----- Material provided

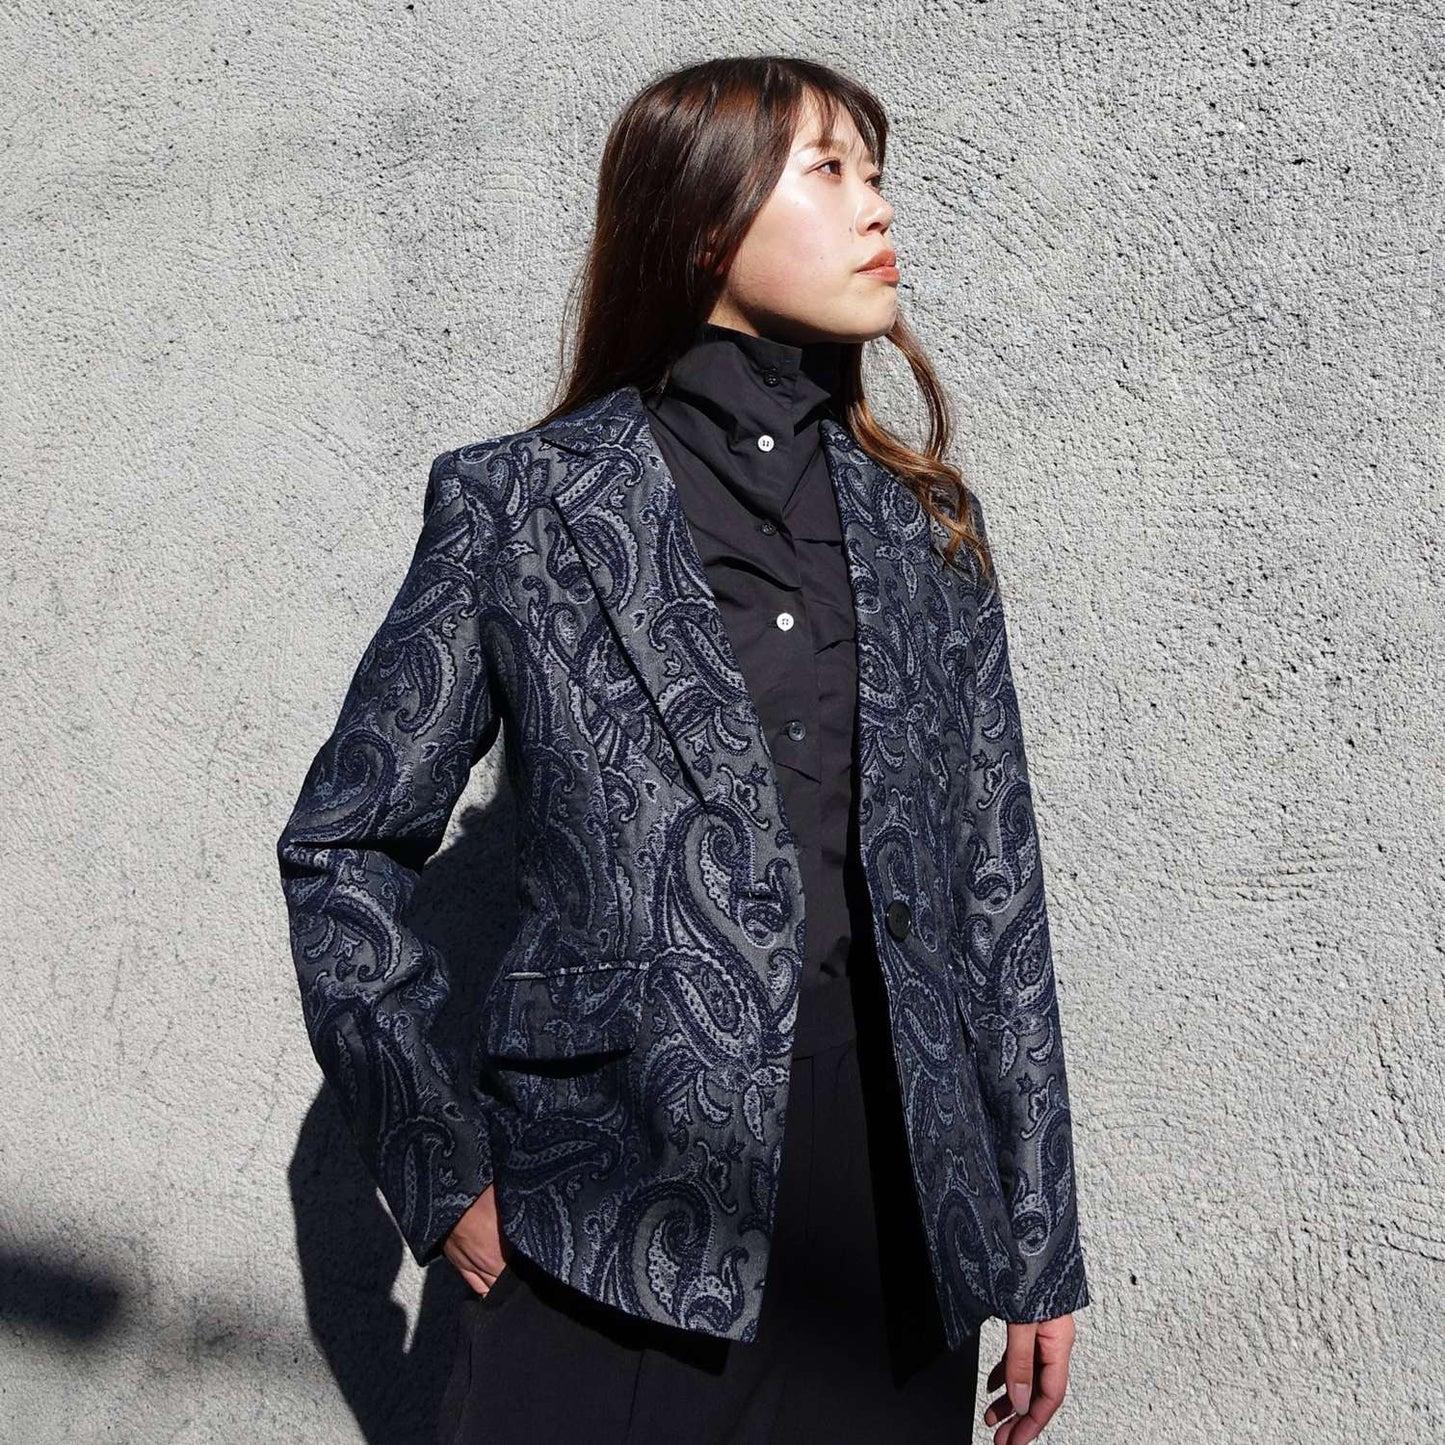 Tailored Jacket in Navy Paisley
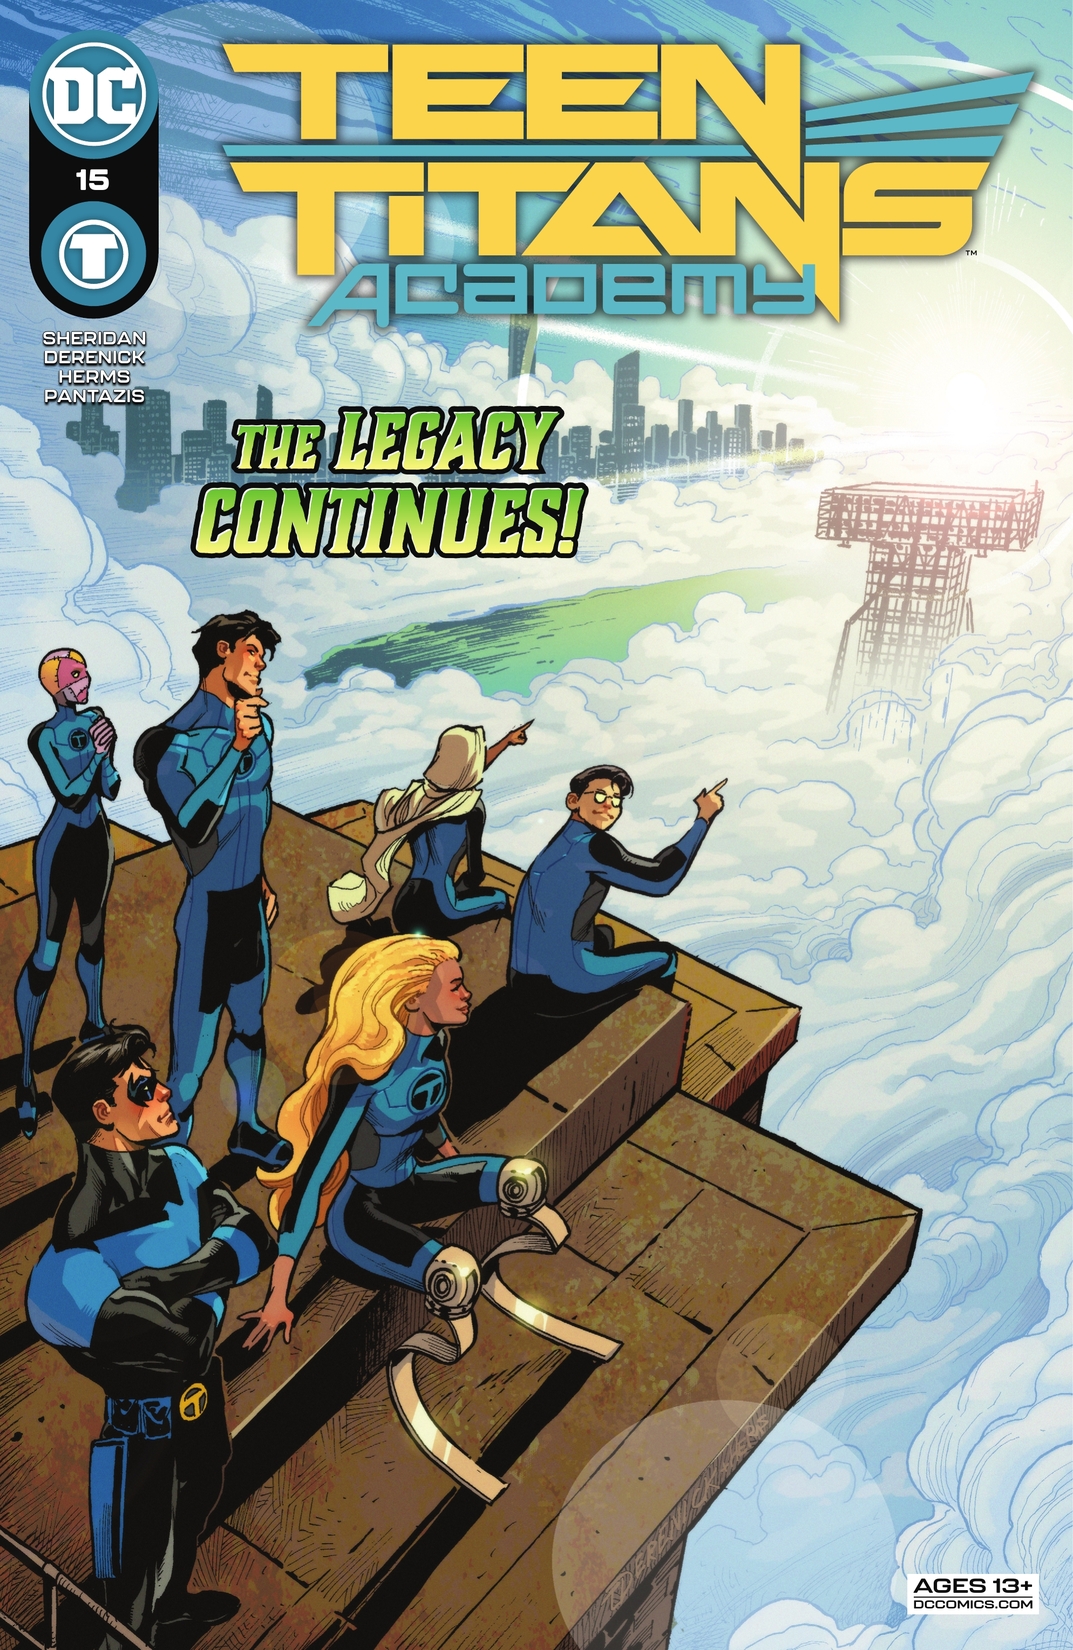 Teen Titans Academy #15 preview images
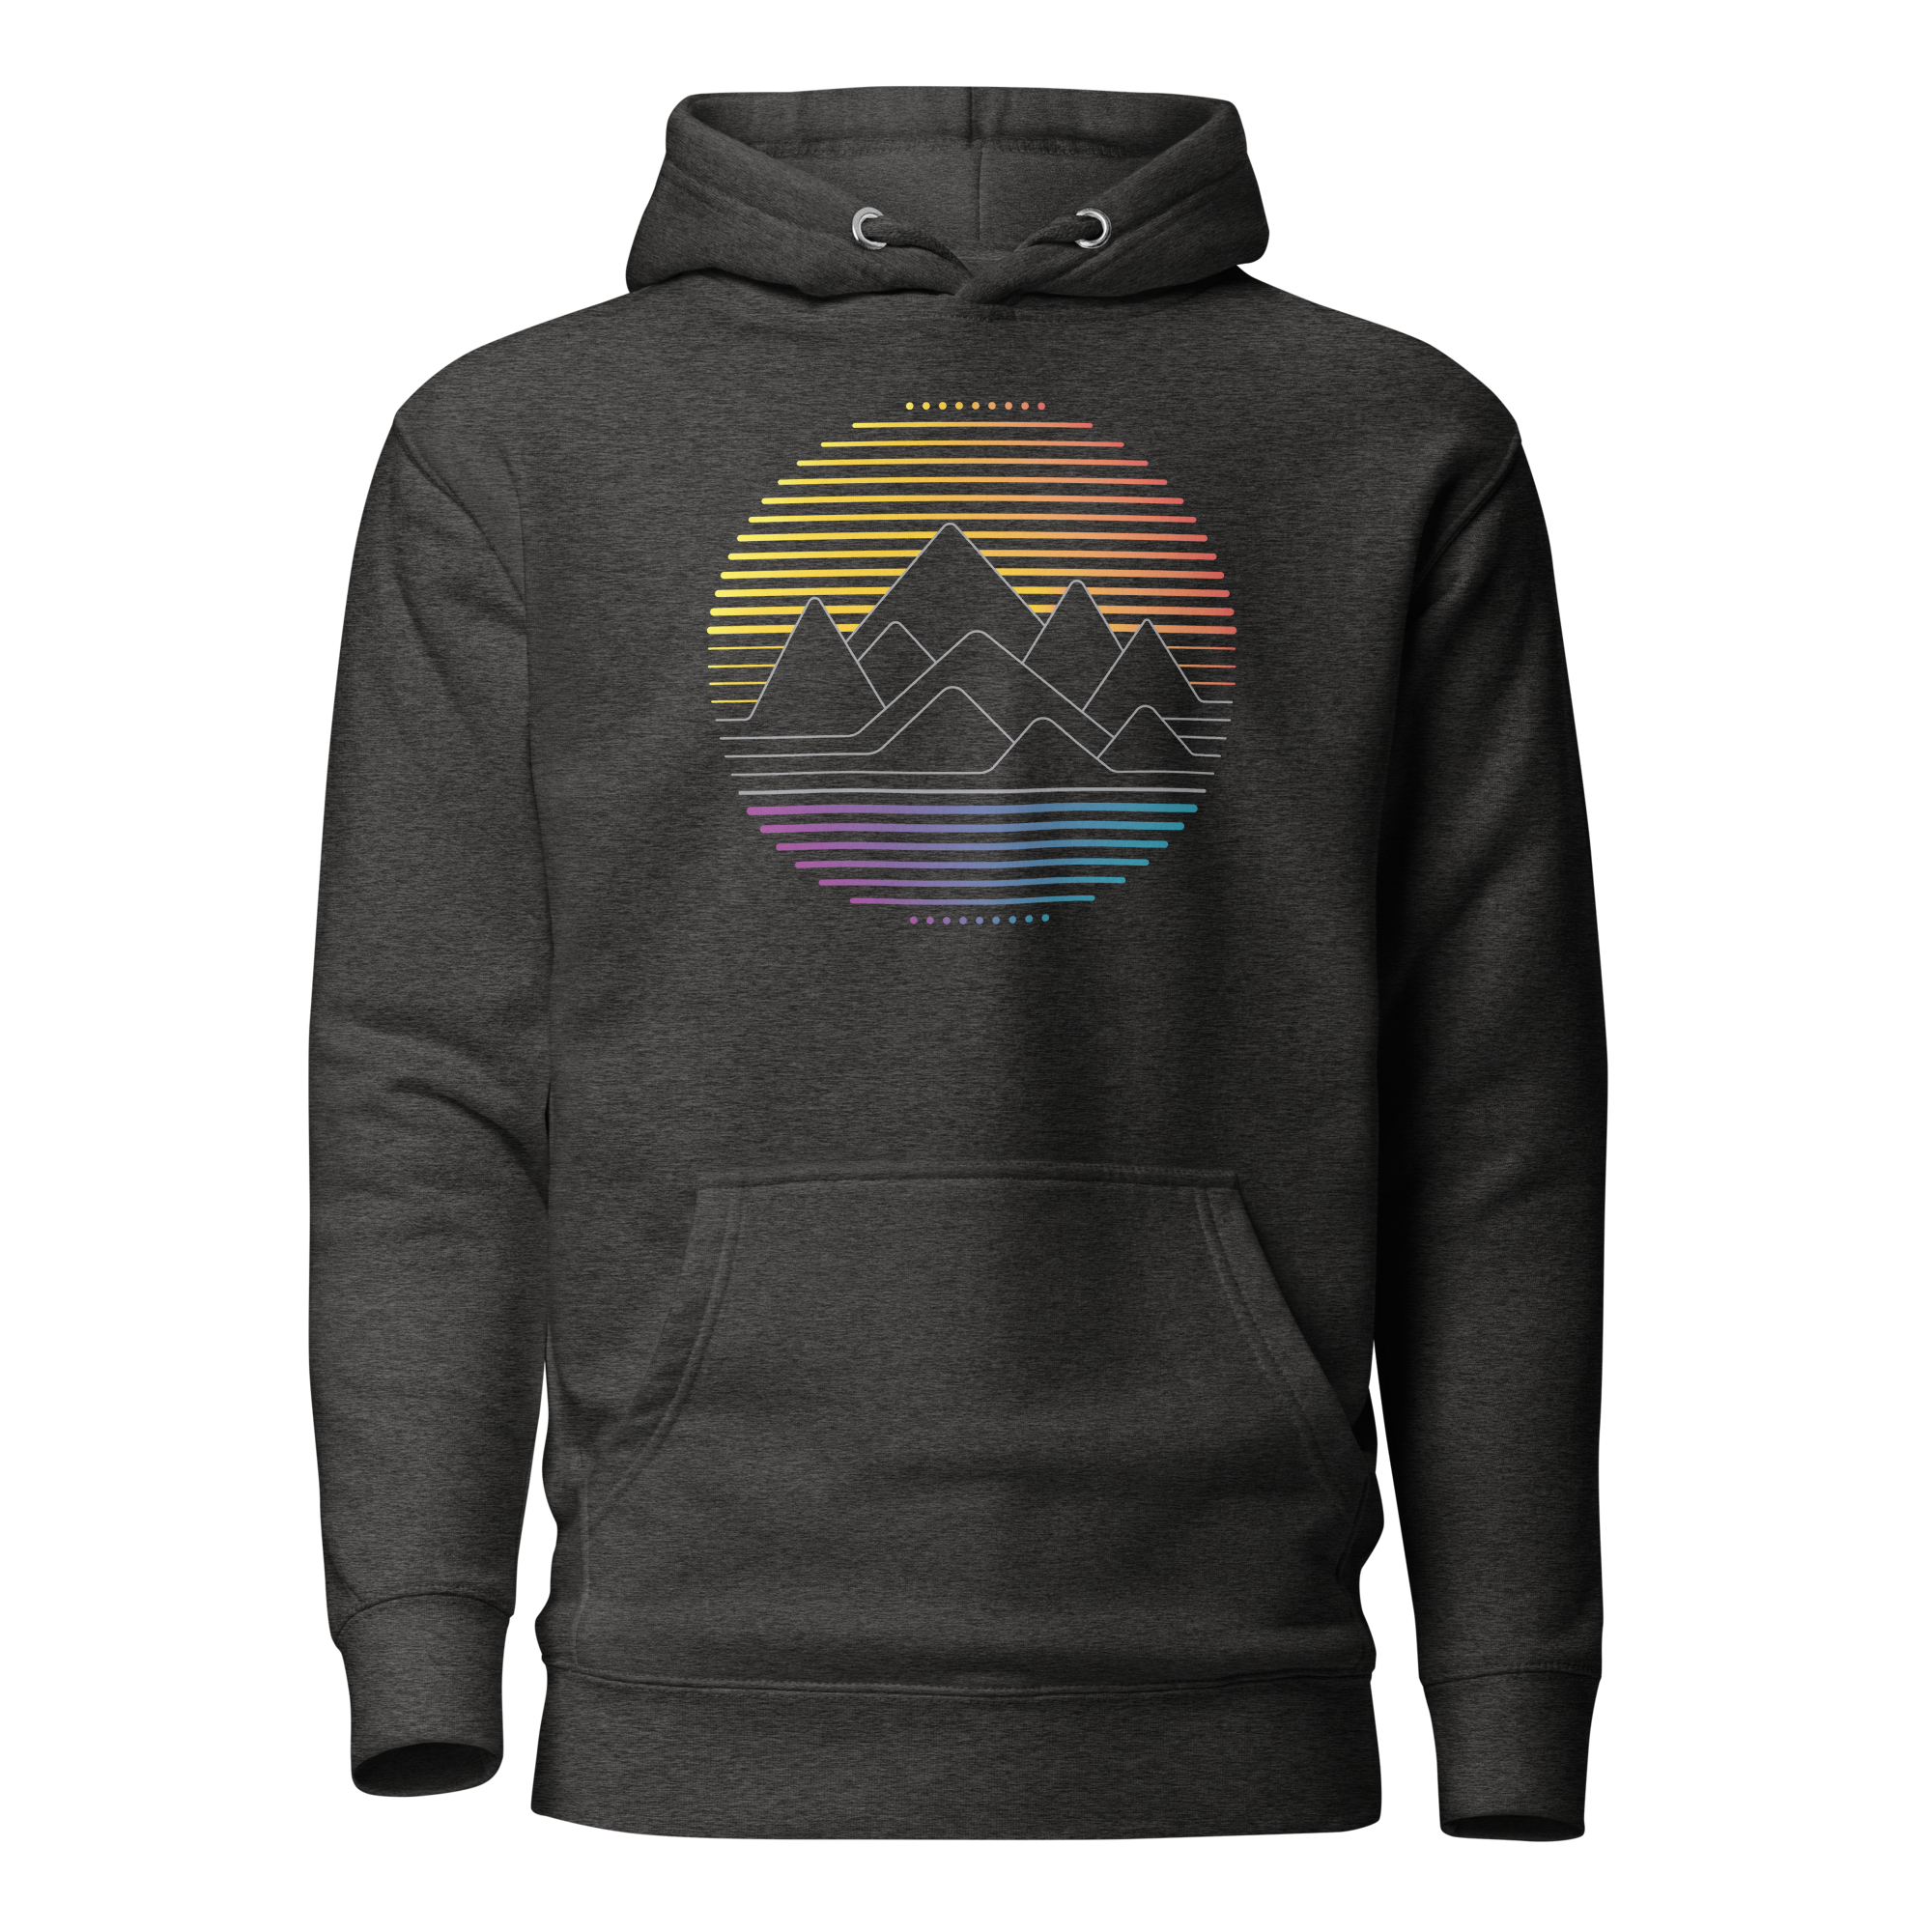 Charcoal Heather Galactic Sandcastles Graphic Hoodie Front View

----------

Without including any pictures, print all of the material exactly as given.

 Tailored Jacket in Navy Paisley
 Teen Titans Academy #15 preview images
 Charcoal Heather Galactic Sandcastles Graphic Hoodie Front View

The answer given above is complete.